* Records to use *
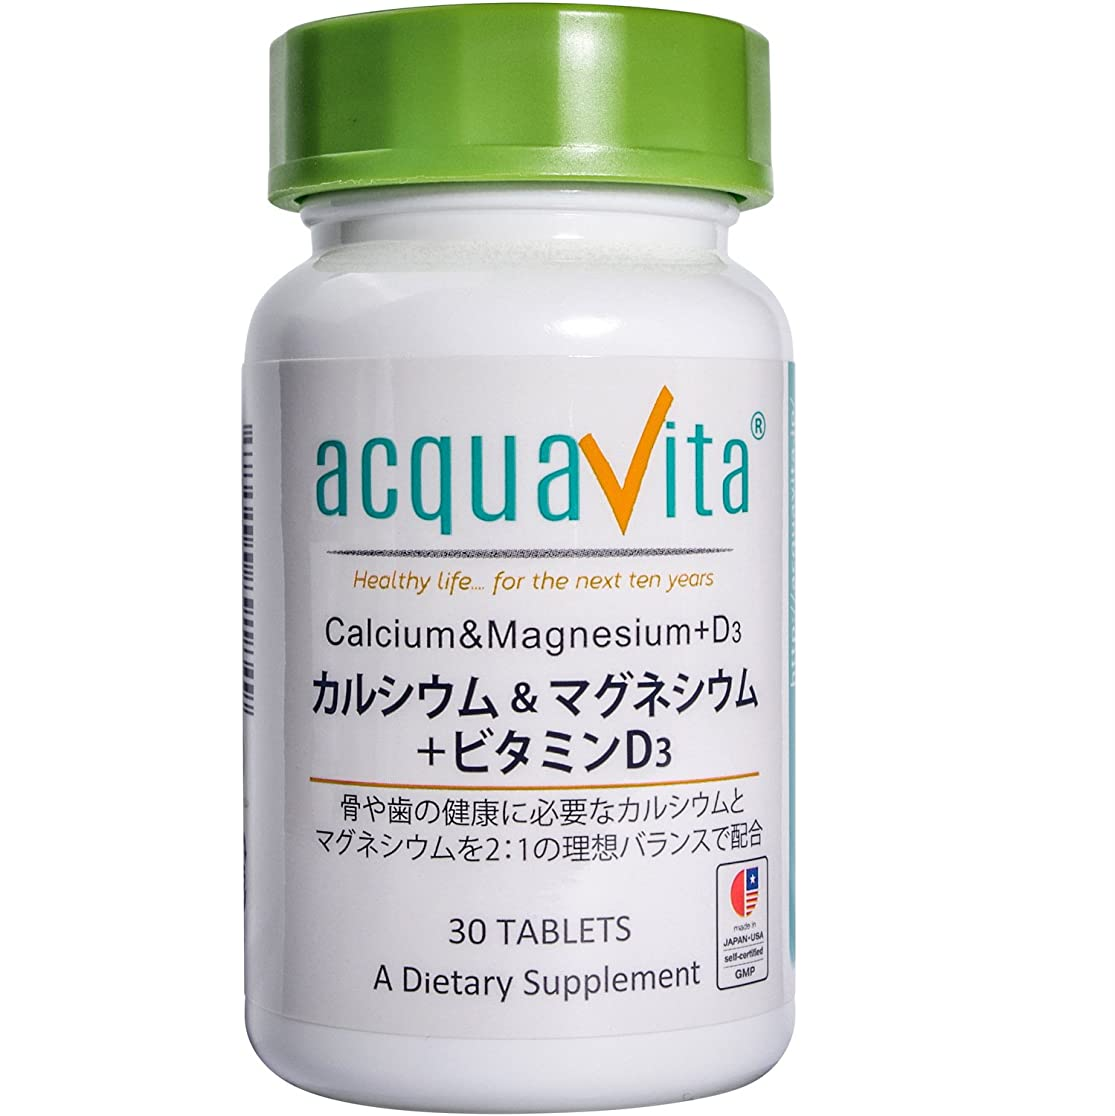 寸前必需品キャンバスアクアヴィータ カルシウム&マグネシウム+ビタミンD3 30粒
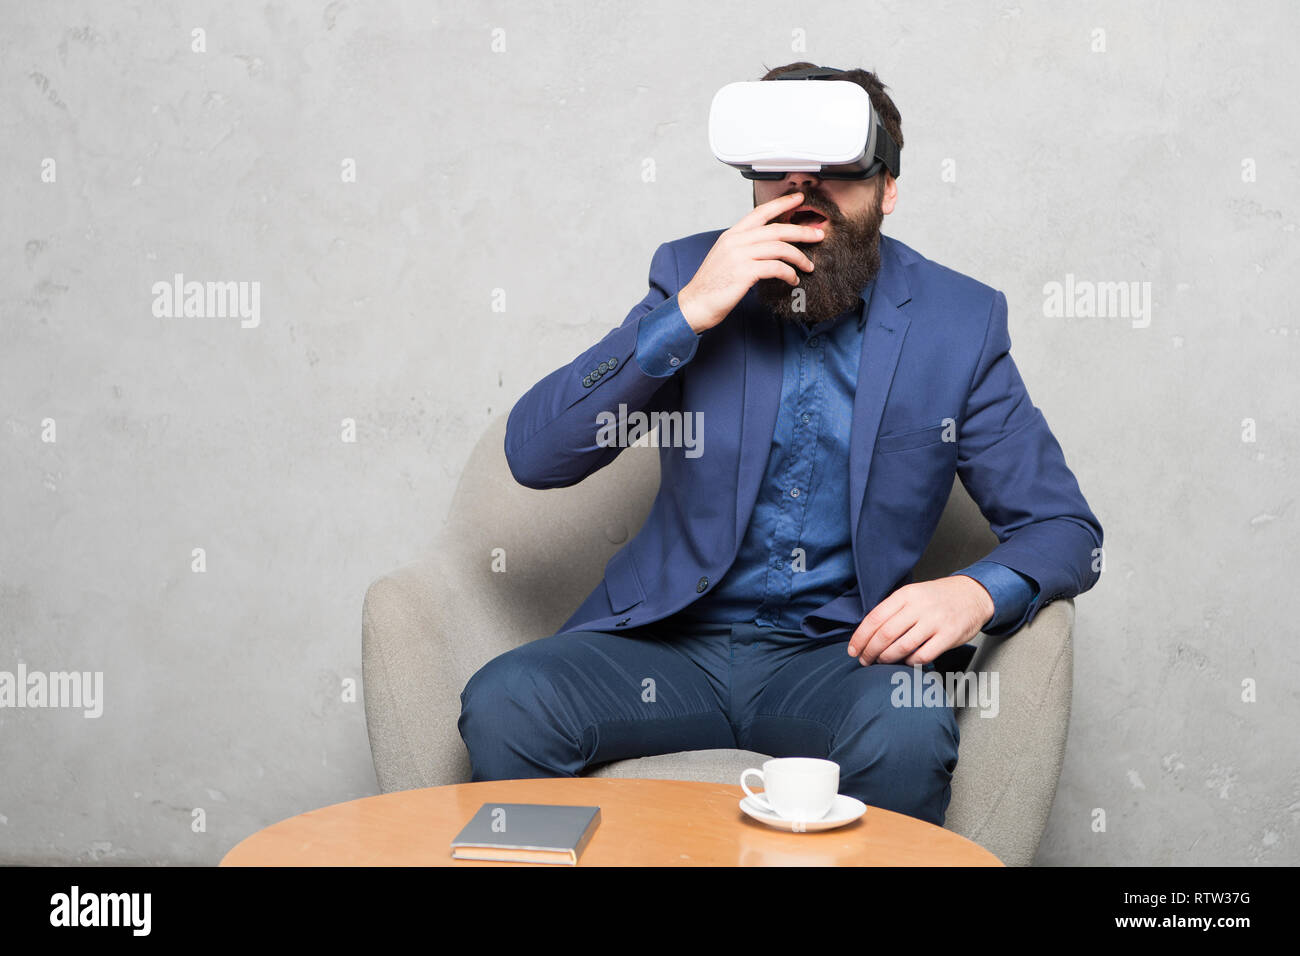 Businessman siéger président porter hmd explorer la réalité virtuelle ou ar. Partenaire d'affaires d'interagir dans la réalité virtuelle. Nouvelle opportunité. Les logiciels modernes pour les entreprises. La mise en œuvre d'une technologie moderne. Photo Stock
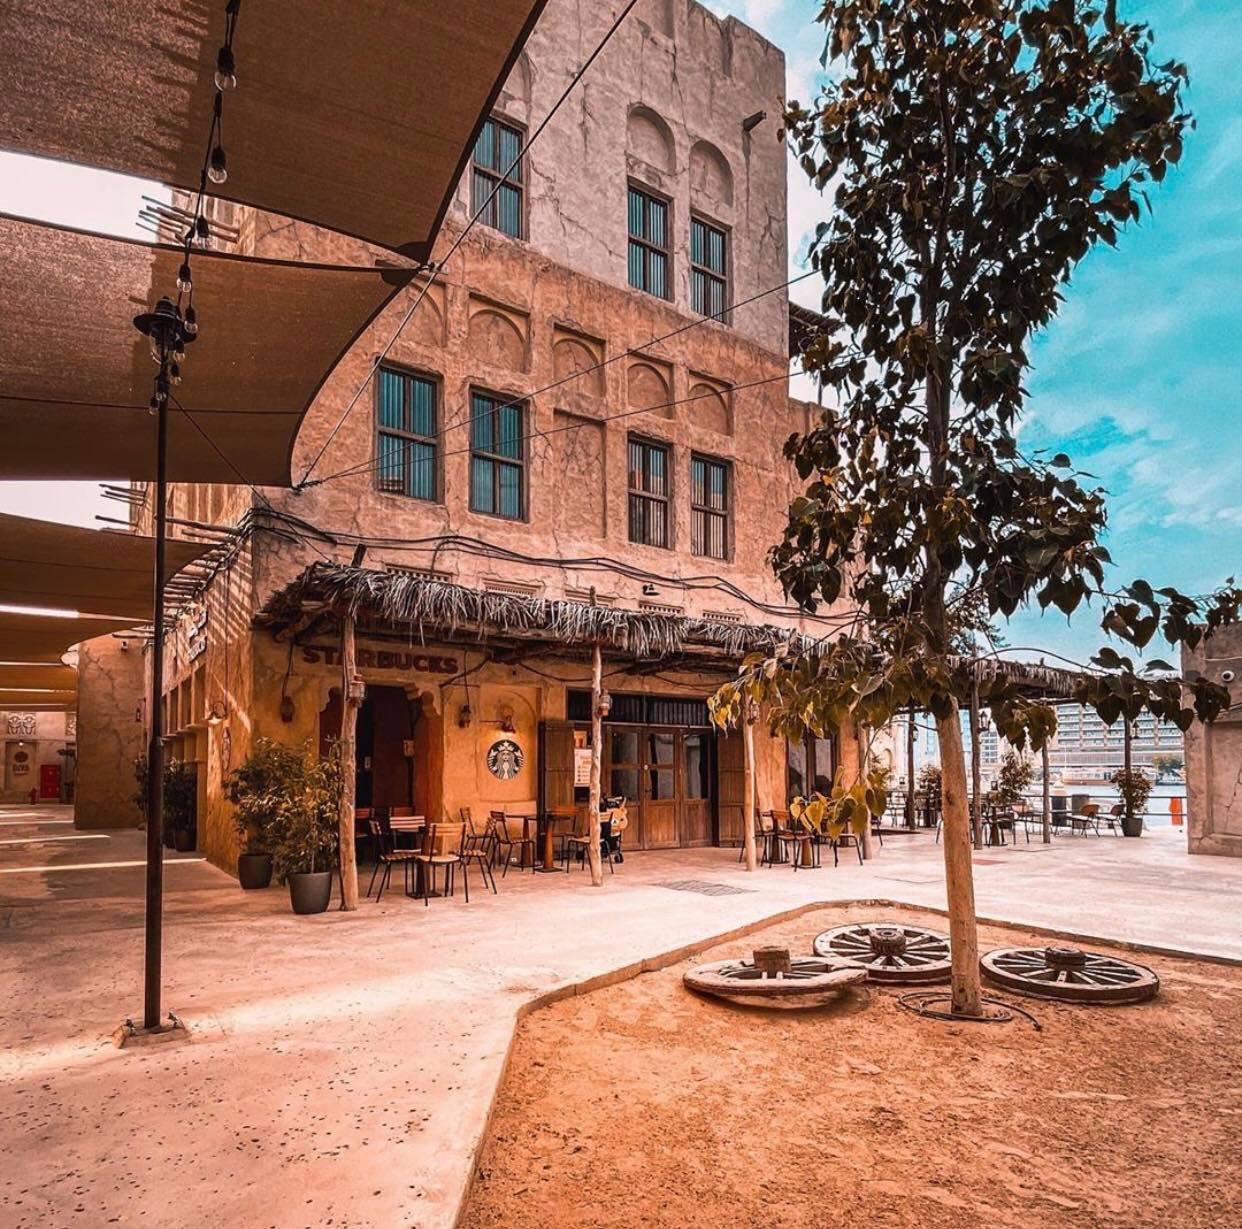 Cửa hàng Starbucks tại xứ siêu giàu gây bất ngờ với mái lá, tường nứt cũ kỹ như nhà đất Việt Nam - Ảnh 9.
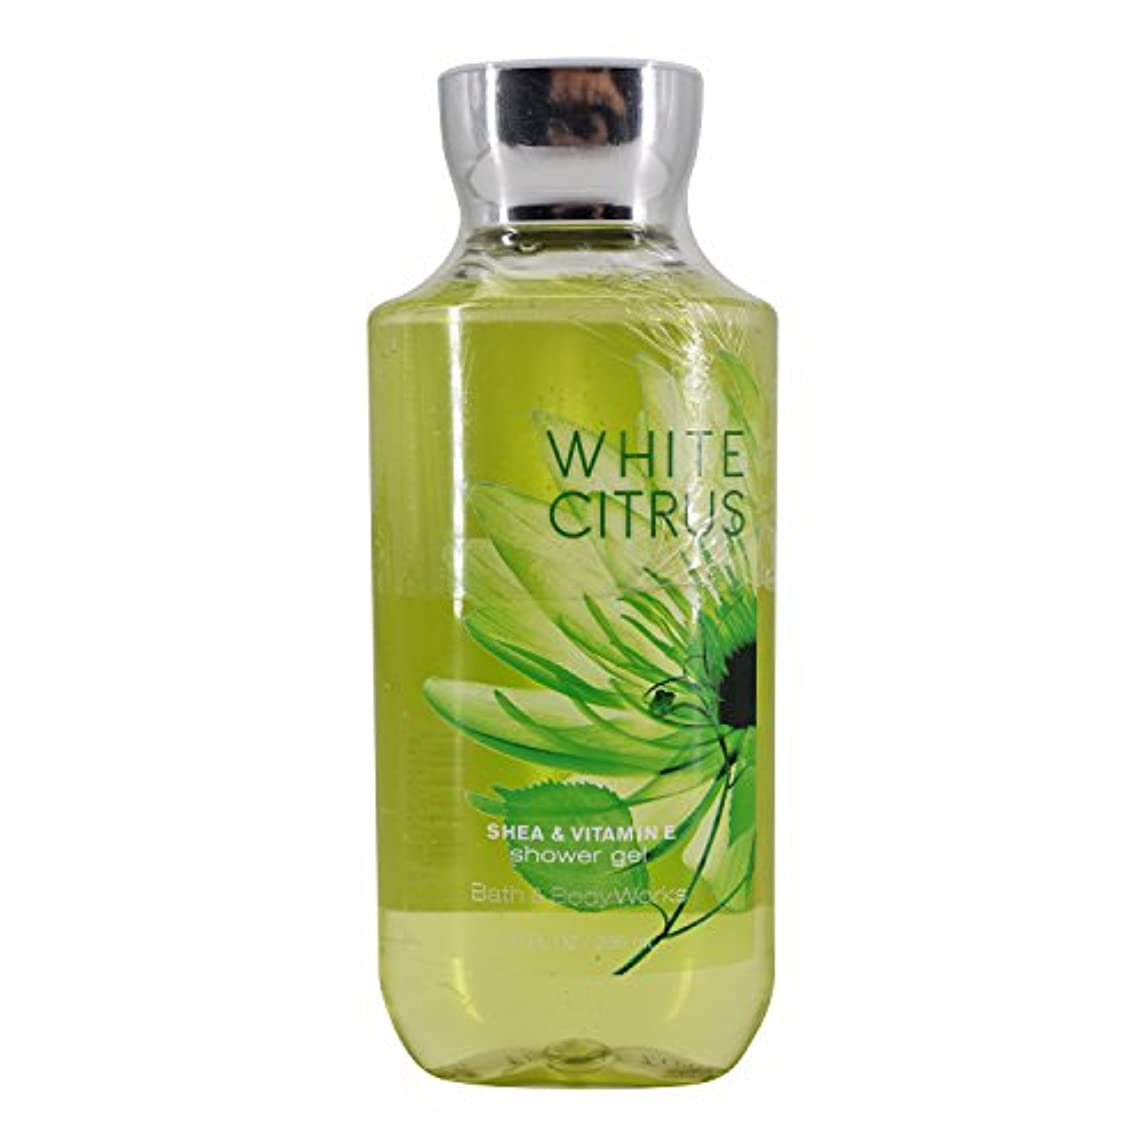 農学光の突っ込むバス&ボディワークス ホワイトシトラス シャワージェル White Citrus Shea & Vitamin-E Shower Gel
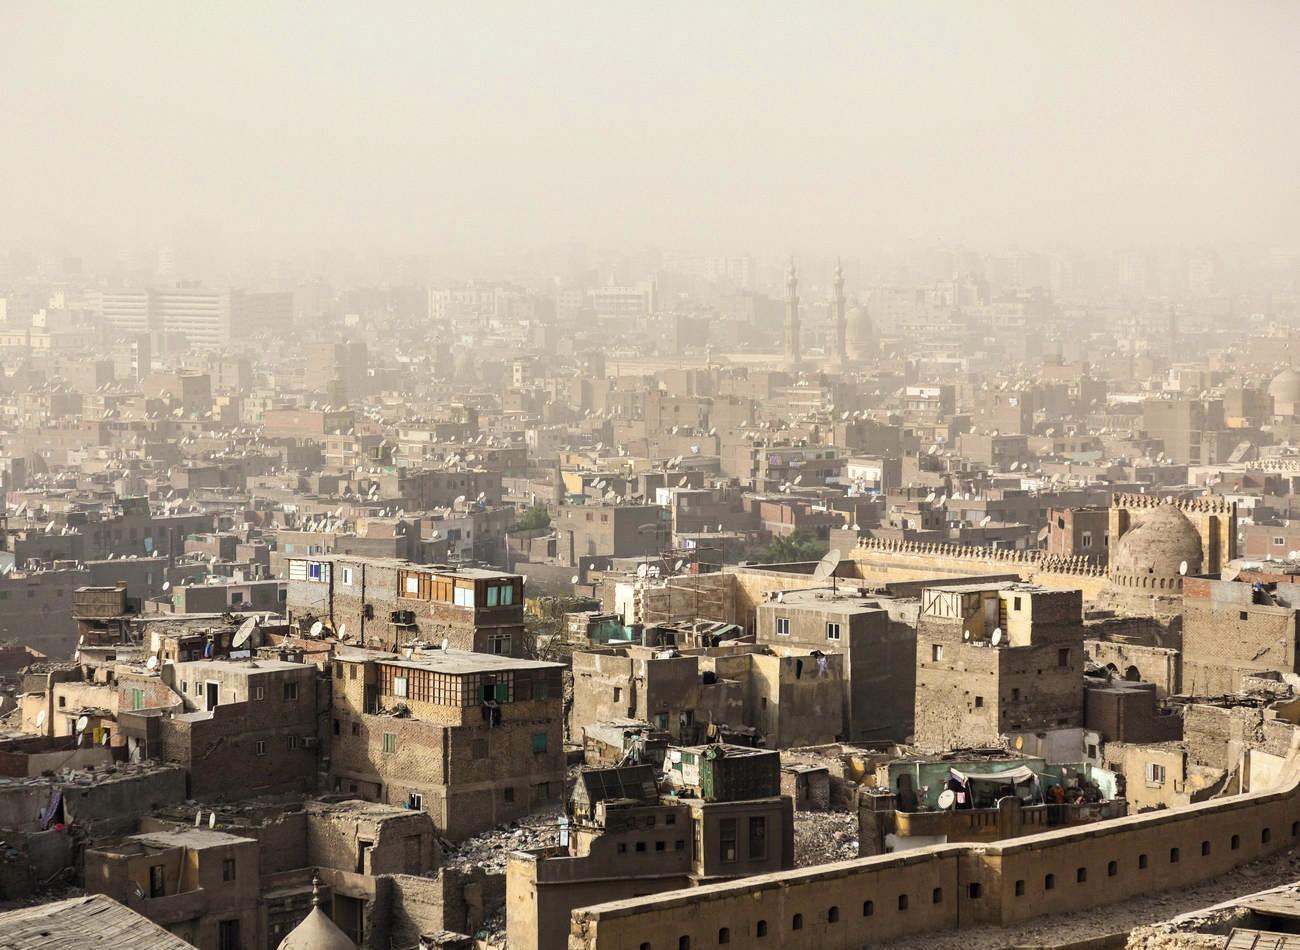 Le Caire, Égypte - Les toits de la ville, enfumés par le smog, abritent des populations pauvres.

* What needs to be done *
Restate word for word, and only, the lines from the line that contains "Cửa hàng Starbucks" through the end of the data, both included; pictures are not part of the copy.

* Response to this exercise *
 Cửa hàng Starbucks tại xứ siêu giàu gây bất ngờ với mái lá, tường nứt cũ kỹ như nhà đất Việt Nam - Ảnh 9.
 農学光の突っ込むバス&ボディワークス ホワイトシトラス シャワージェル White Citrus Shea & Vitamin-E Shower Gel
 Le Caire, Égypte - Les toits de la ville, enfumés par le smog, abritent des populations pauvres.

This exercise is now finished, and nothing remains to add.